In horizontal midbrain slices containing the VTA, we found strong fluorescence in fibers but not in cell bodies (Fig. 2A), consistent with transport of ChR2 to the axon terminal fields of NAc MSNs. We made whole-cell voltage-clamp (Vm of −45 mV) recordings from VTA neurons and optically stimulated MSN fibers (Fig. 2B). In ∼40% of recordings, brief (1–5 ms) light stimulation of the slice resulted in a fast IPSC with a mean amplitude of 68.9 ± 11.1 pA (n = 62).
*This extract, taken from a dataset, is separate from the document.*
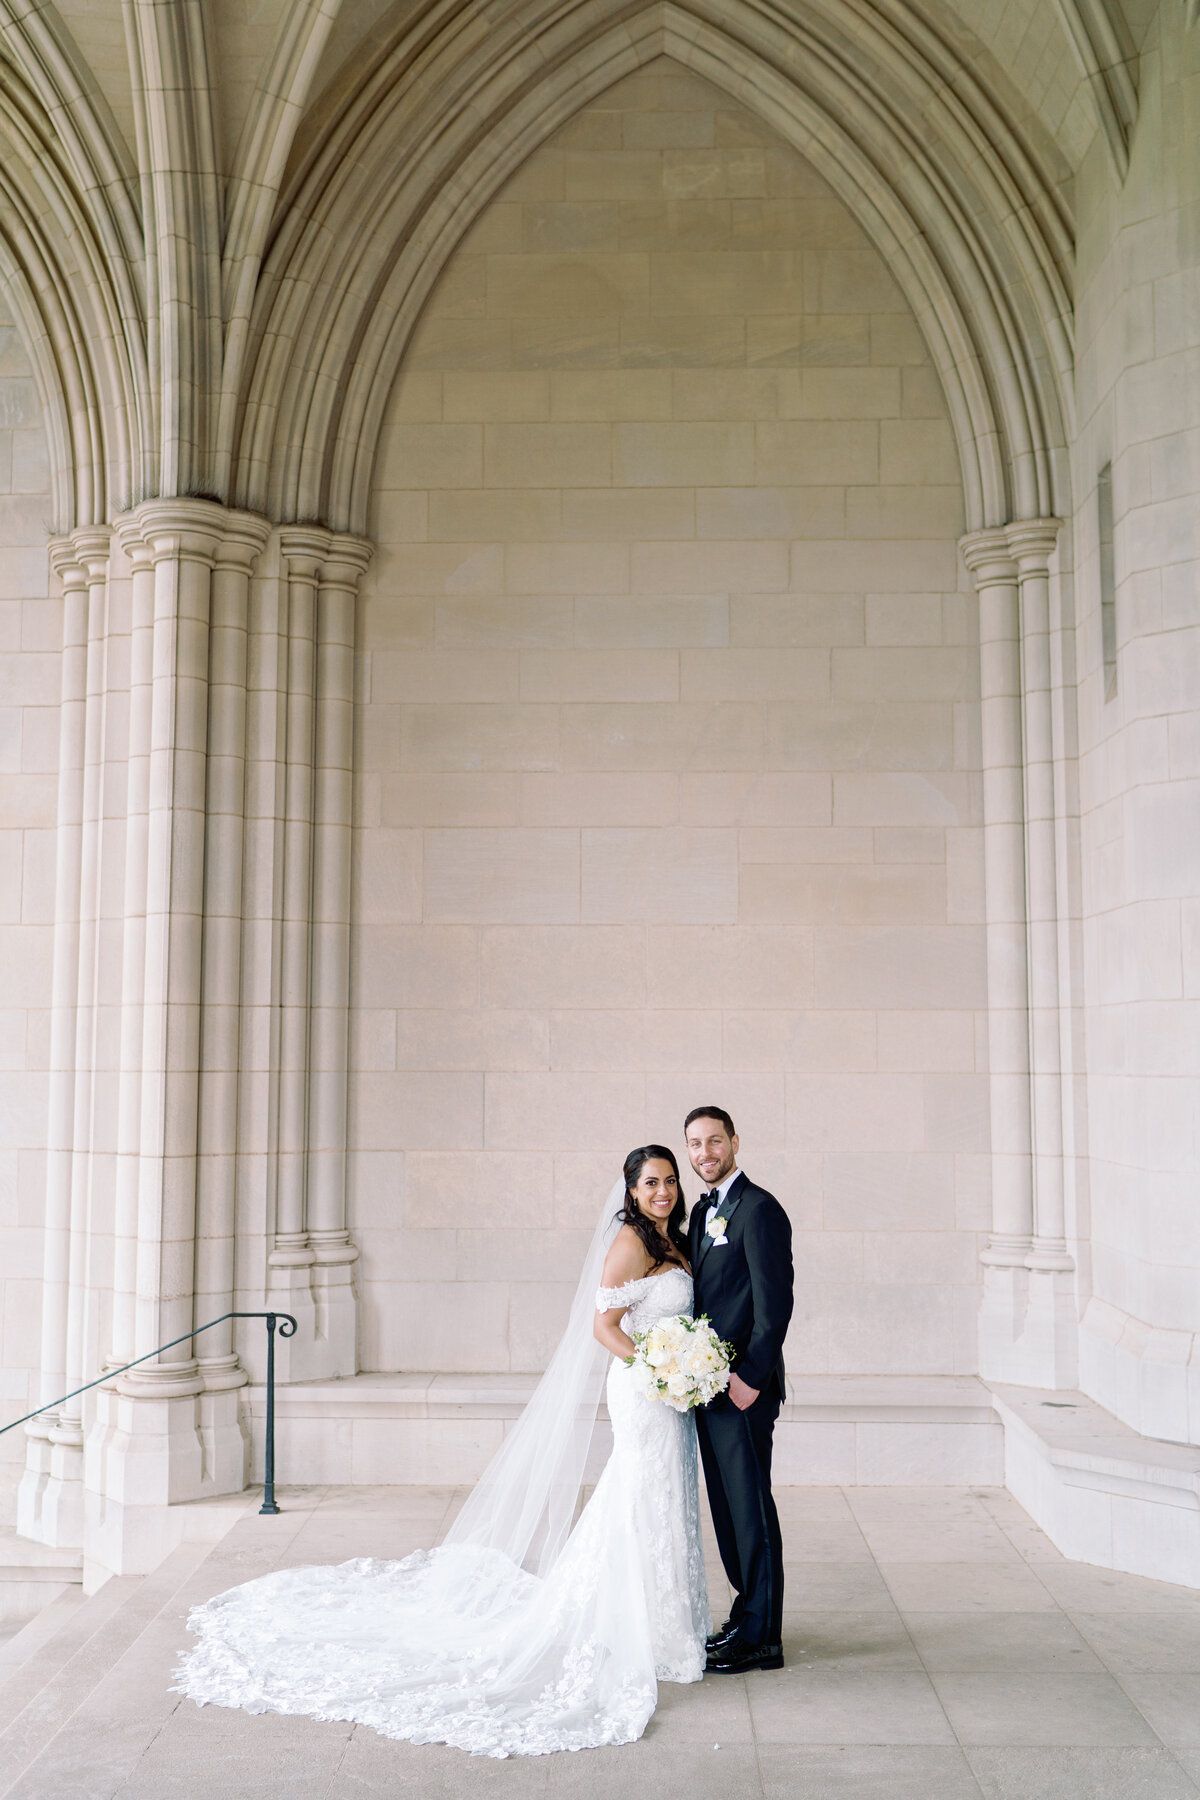 Klaire-Dixius-Photography-Salamander-DC-Washington-DC-wedding-national-cathedral-st-sophias-marios-suzy-bride-groom-35

This light-evoked IPSC was also sensitive to picrotoxin (95 ± 3%, n = 24), indicating that it is mediated by GABAA receptors (Fig. 2C). Consistent with a previous report of recordings of light-evoked EPSCs from cortical neurons (Cruikshank et al., 2010), this transmitter release is clearly dependent on action potentials, because it was completely abolished by the sodium channel blocker TTX (1 μm; n = 3) (data not shown). Finally, after blocking the GABAA receptor response with picrotoxin, increasing the number and frequency of stimulation (up to 10 pulses at 20–100 Hz) did not elicit a slow GABAB receptor-mediated IPSC (n = 24) (Fig. 3A), although electrical stimulation clearly evokes a frequency-dependent slow GABAB IPSC in VTA neurons (n = 5) (Fig. 3B).

Figure 2.

Figure 2.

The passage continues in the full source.